• **What you have to do**
Exact transcription, pictures omitted: reproduce the listing below.

• **Exercise data**
========
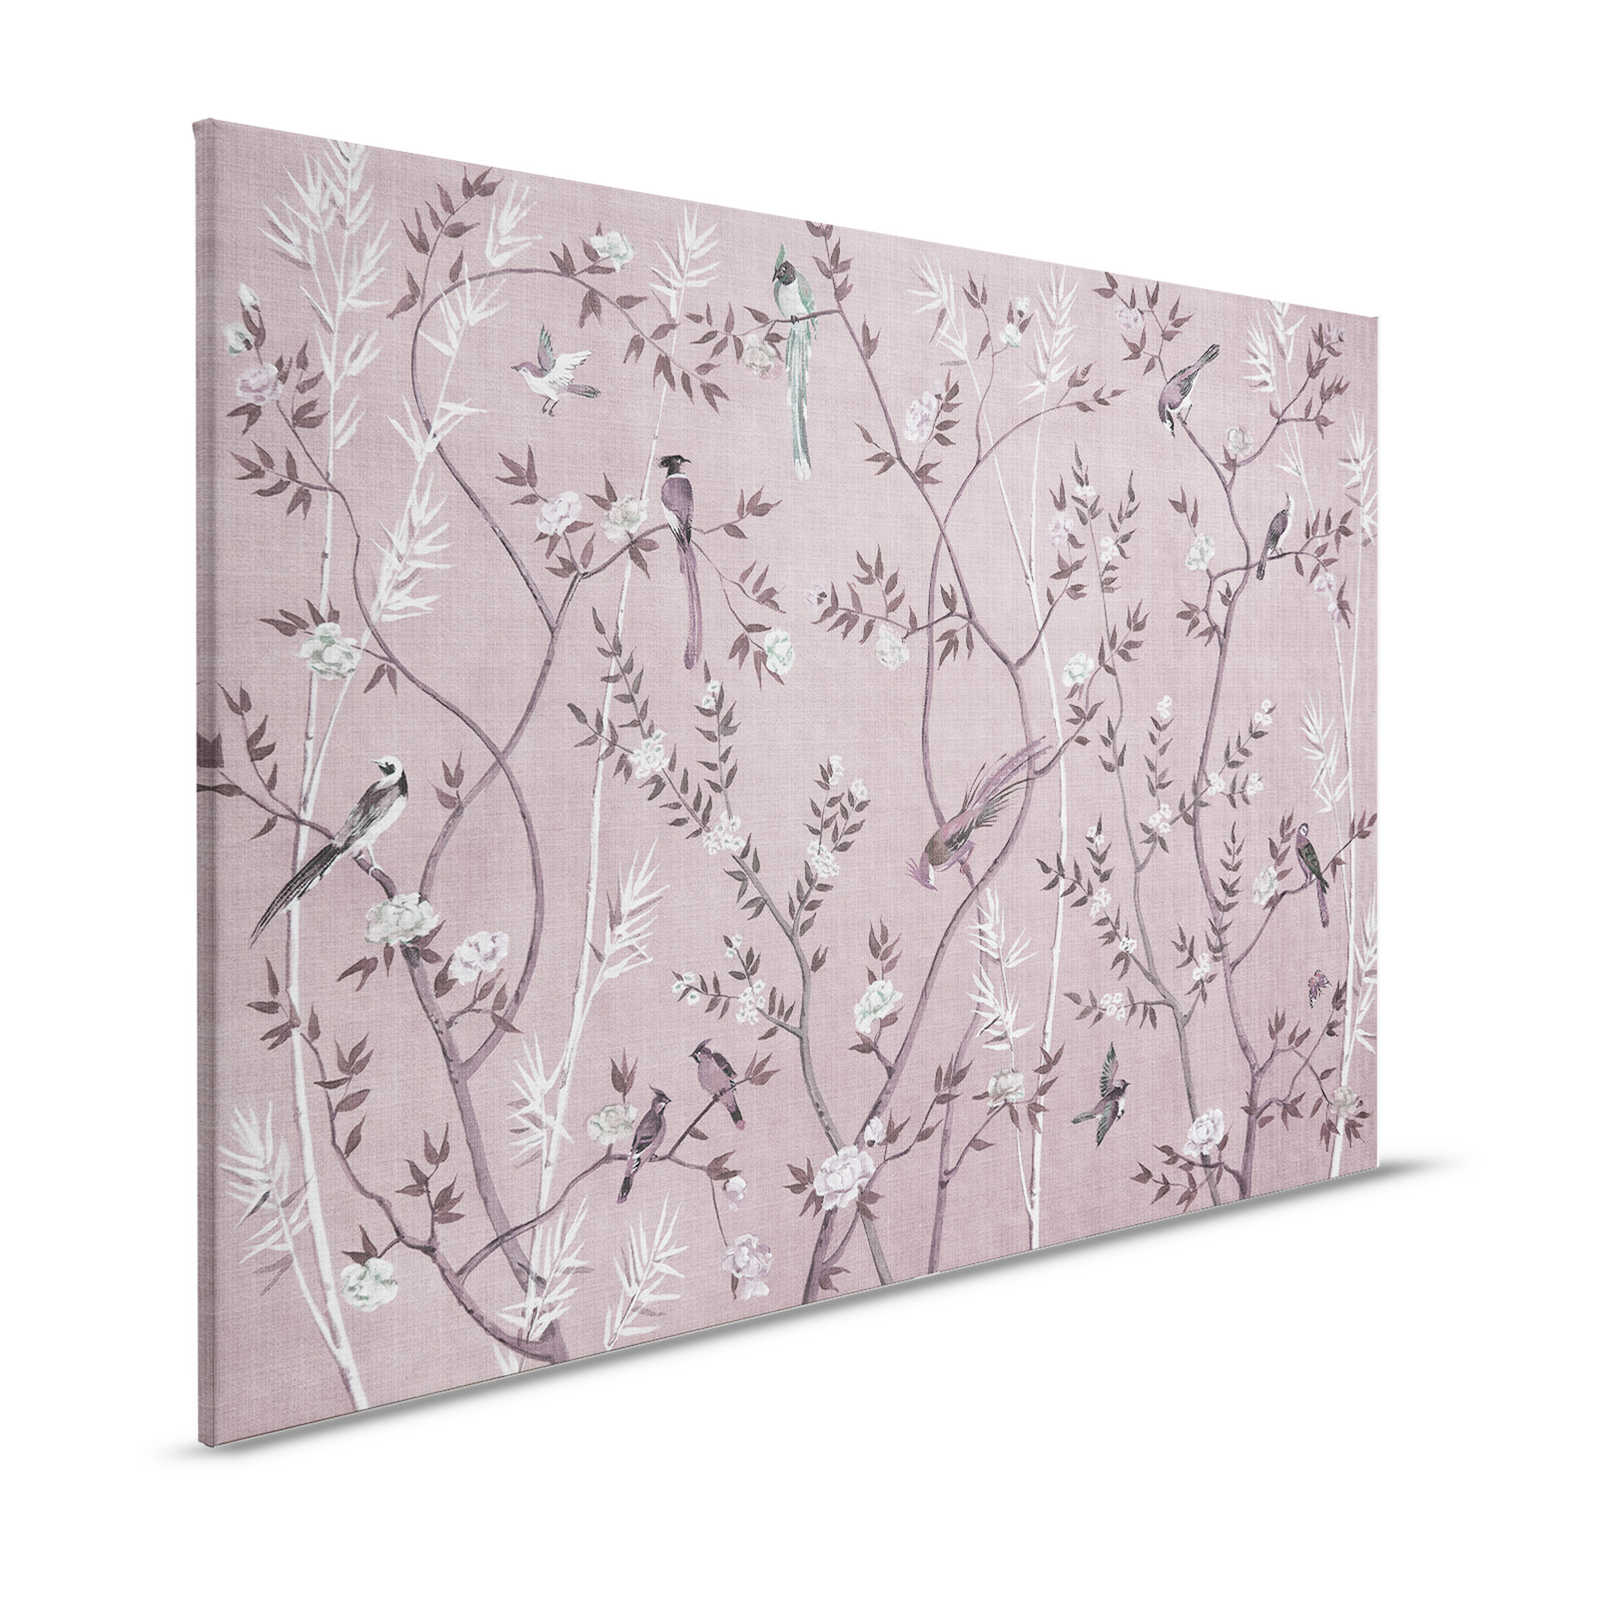 Tea Room 3 - Canvas schilderij Birds & Blossoms Design in Roze & Wit - 1.20 m x 0.80 m
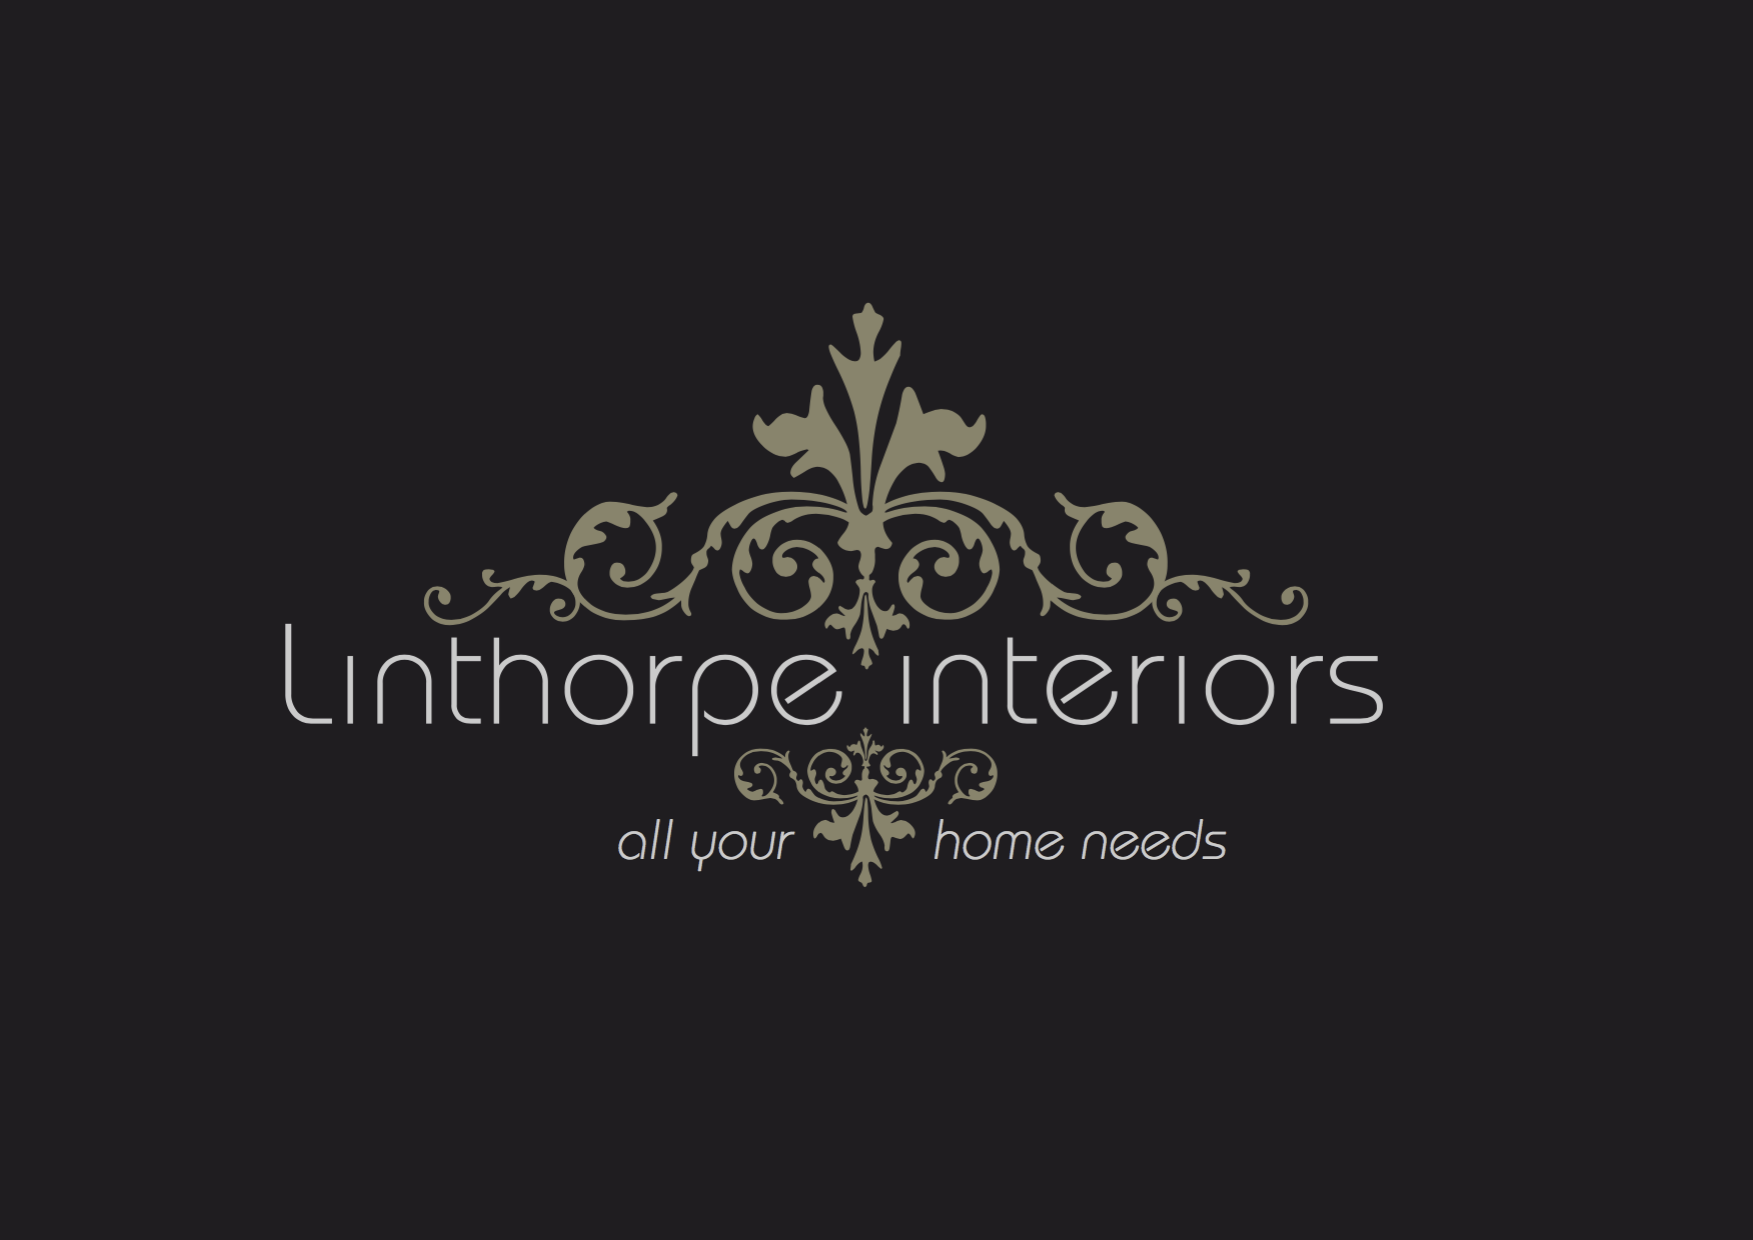 Logo of Linthorpe Interiors
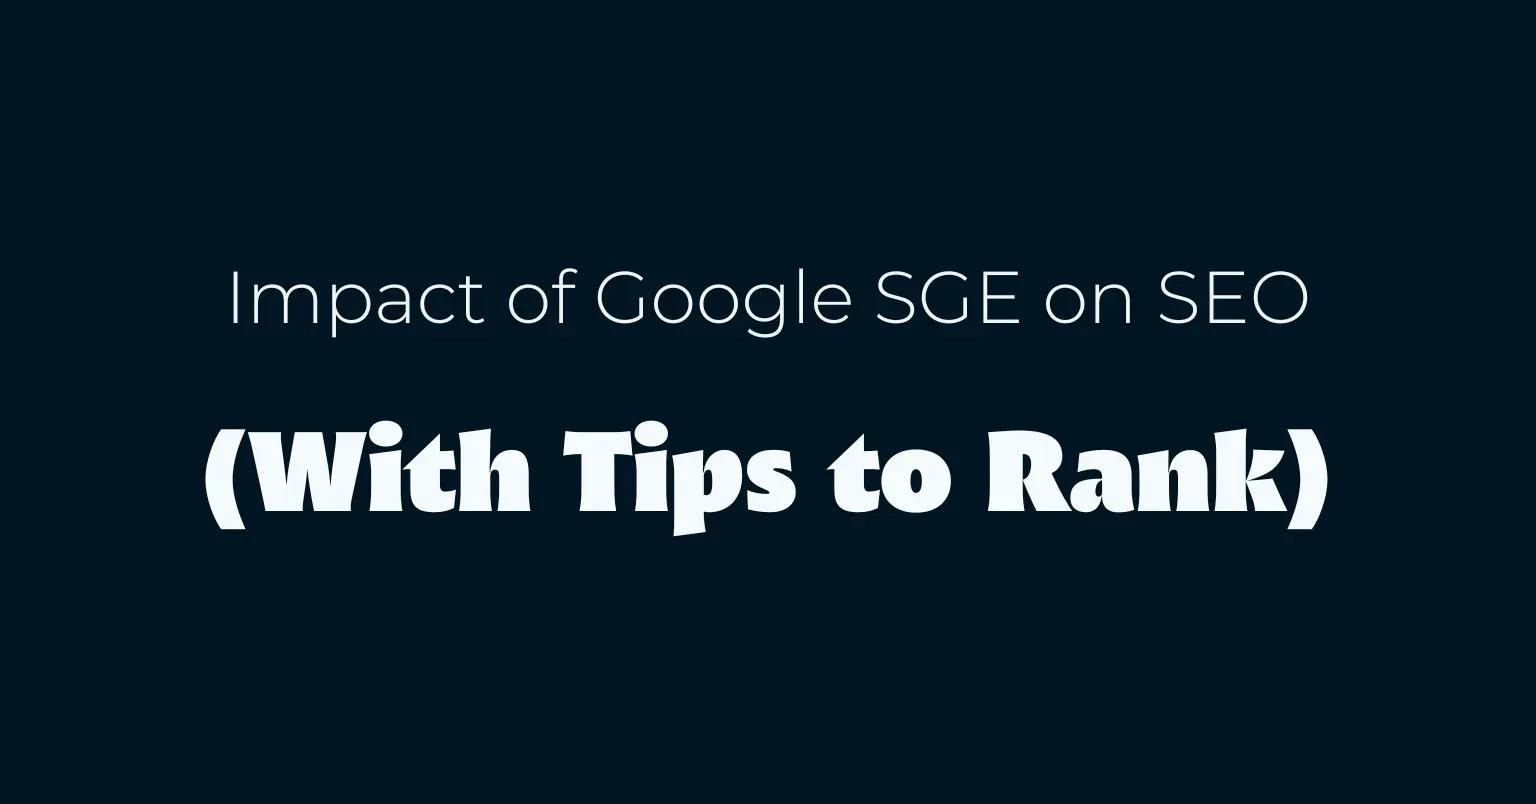 Impact of Google SGE on SEO
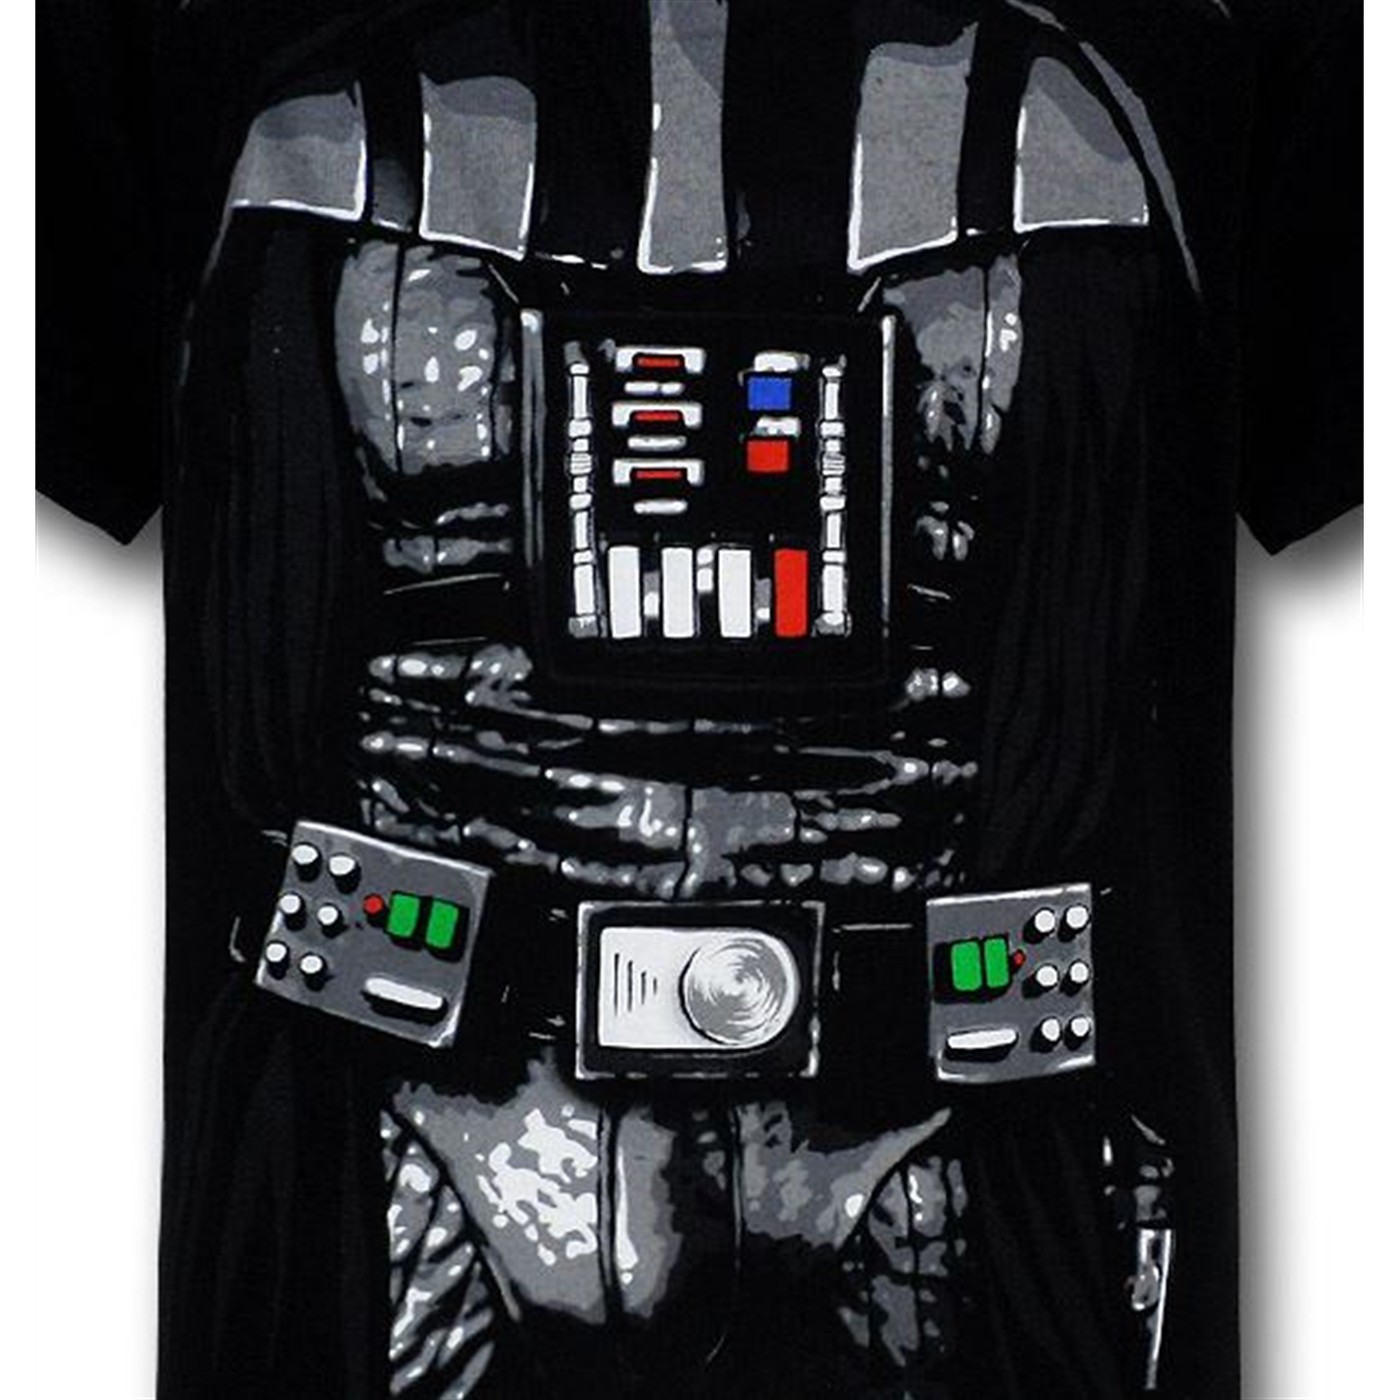 Star Wars Darth Vader Kids Costume T-Shirt
========
• **Output of the task**
 Tea Room 3 - Canvas schilderij Birds & Blossoms Design in Roze & Wit - 1.20 m x 0.80 m
 Logo of Linthorpe Interiors
 Impact of Google SGE on SEO
 Star Wars Darth Vader Kids Costume T-Shirt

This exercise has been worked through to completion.